[RECORDS FOR THE TASK]

--*--

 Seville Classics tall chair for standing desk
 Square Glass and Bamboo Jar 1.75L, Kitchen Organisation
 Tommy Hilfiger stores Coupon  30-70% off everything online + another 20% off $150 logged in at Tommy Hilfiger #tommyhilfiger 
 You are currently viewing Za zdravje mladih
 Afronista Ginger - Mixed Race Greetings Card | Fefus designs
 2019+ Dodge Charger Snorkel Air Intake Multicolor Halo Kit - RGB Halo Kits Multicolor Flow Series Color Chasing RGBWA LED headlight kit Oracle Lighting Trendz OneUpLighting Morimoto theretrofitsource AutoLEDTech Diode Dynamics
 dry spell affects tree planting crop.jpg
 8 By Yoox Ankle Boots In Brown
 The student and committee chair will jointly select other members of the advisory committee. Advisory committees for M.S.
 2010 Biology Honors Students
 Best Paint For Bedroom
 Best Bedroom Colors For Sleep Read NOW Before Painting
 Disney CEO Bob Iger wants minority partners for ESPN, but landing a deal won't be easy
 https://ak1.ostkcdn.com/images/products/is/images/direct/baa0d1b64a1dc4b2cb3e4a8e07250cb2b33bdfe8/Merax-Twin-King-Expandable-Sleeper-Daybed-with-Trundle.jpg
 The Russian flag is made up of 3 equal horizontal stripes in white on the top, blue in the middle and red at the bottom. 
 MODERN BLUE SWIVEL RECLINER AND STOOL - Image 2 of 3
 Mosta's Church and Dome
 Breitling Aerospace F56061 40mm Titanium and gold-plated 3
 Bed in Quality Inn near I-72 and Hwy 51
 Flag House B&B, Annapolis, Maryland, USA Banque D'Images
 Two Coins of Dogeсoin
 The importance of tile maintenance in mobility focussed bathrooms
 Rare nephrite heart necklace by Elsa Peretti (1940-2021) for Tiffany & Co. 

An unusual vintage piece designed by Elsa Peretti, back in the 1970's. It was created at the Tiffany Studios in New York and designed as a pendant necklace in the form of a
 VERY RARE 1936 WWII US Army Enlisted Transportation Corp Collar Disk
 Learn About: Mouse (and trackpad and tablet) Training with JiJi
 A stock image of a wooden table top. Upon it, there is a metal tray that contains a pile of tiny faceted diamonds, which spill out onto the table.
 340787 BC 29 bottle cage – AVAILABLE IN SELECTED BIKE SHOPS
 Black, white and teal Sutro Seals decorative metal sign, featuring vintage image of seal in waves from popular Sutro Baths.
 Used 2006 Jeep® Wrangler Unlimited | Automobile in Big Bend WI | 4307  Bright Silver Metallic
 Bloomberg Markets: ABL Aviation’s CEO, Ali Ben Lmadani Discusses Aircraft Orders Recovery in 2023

--*--

[EXERCISE INSTRUCTIONS] Could you please retype the lines from the start of the data through the line with "Best Paint For Bedroom", both included, and nothing else?

[SOLVED PROBLEM]
 Seville Classics tall chair for standing desk
 Square Glass and Bamboo Jar 1.75L, Kitchen Organisation
 Tommy Hilfiger stores Coupon  30-70% off everything online + another 20% off $150 logged in at Tommy Hilfiger #tommyhilfiger 
 You are currently viewing Za zdravje mladih
 Afronista Ginger - Mixed Race Greetings Card | Fefus designs
 2019+ Dodge Charger Snorkel Air Intake Multicolor Halo Kit - RGB Halo Kits Multicolor Flow Series Color Chasing RGBWA LED headlight kit Oracle Lighting Trendz OneUpLighting Morimoto theretrofitsource AutoLEDTech Diode Dynamics
 dry spell affects tree planting crop.jpg
 8 By Yoox Ankle Boots In Brown
 The student and committee chair will jointly select other members of the advisory committee. Advisory committees for M.S.
 2010 Biology Honors Students
 Best Paint For Bedroom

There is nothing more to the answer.